Johann Adolf of Schwarzenberg (20 September 1615 – 26 May 1683) was the first Prince of Schwarzenberg. A diplomat in the service of the Habsburgs, he was a member of the prestigious House of Schwarzenberg.

==Biography==
Johann Adolf of Schwarzenberg was born on 20 September 1615 in Wermelskirchen, then part of the Holy Empire. He was the son of Adam, Count of Schwarzenberg and Margareta von Palant.

A shrewd diplomat, he first served in Vienna, before entering the service of Archduke Leopold Wilhelm of Austria, then Governor General of the Spanish Netherlands, of which he became chamberlain. He then lived in Brussels at the court of the Archduke. Johann Adolf was a very cultured and polyglot man, familiar with classical literature and a great patron of art. Over time, he collected a rich collection of works of art, which he passed on to his descendants.

He was highly appreciated by Archduke Leopold Wilhelm of Austria and appointed Knight of the Golden Fleece in 1650.

After the latter's death in 1662, Johann Adolf of Schwarzenberg settled permanently in Bohemia, thus acquiring the domains of Wittingau in 1660 and Frauenberg in 1661.

Johann Adolf was a good manager. He contributed a lot in improving the lands he owned, by for example, introducing new crops or supporting the development of crafts.
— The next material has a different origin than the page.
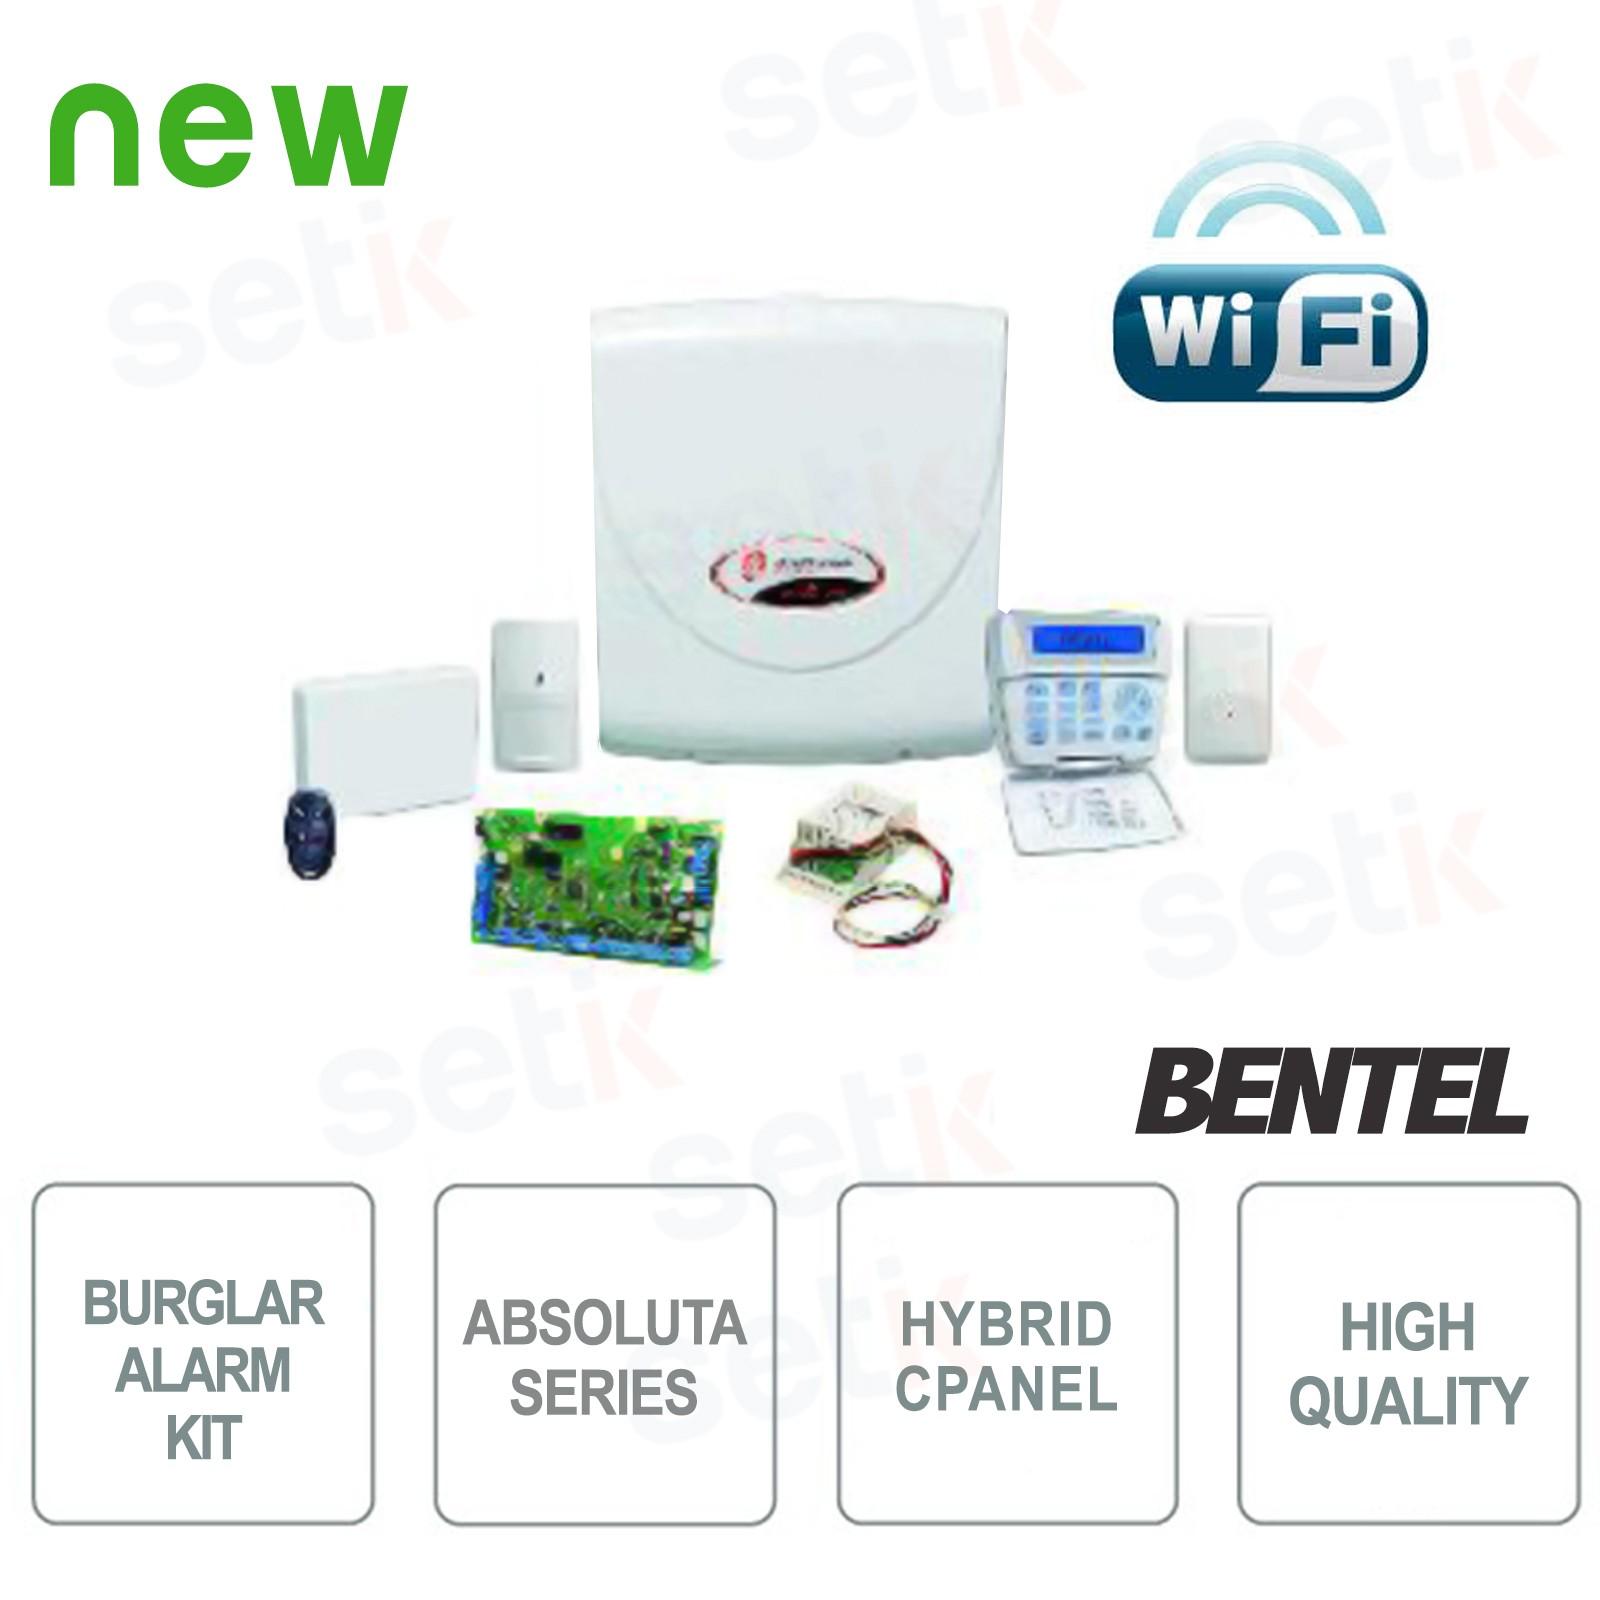 Abs 14kitsw kit antifurto completo bentel security for Bentel security absoluta

Devout, he sought to help the poorest by founding, among other things, a refuge for the poor.

On 14 July 1670, Emperor Leopold I made him Prince of Schwarzenberg and President of the Aulic Council.

He died on 26 May 1683 in his sixty-seventh year in Laxenburg, Austria.

===Marriage and descendants===
On 15 March 1644, he married in Vienna Marie-Justine de Starhemberg (1608–1681), daughter of Ludwig von Starhemberg (1564-1620).

They had six children:
- Johann Leopold Philipp (January 1647 - August 1647);
- Maria Ernestina (1649–1719), married Fürst Johann Christian von Eggenberg, also a Knight in the Order of the Golden Fleece;
- Ferdinand Wilhelm Eusebius (1652–1703), 2nd Prince of Schwarzenberg;
- Charlotte (1654–1661);
- Louis Adam (1655–1656);
- Polyxena (1658–1659).

==Sources==
BLKÖ:Schwarzenberg, Johann Adolph Fürst (1615–1683)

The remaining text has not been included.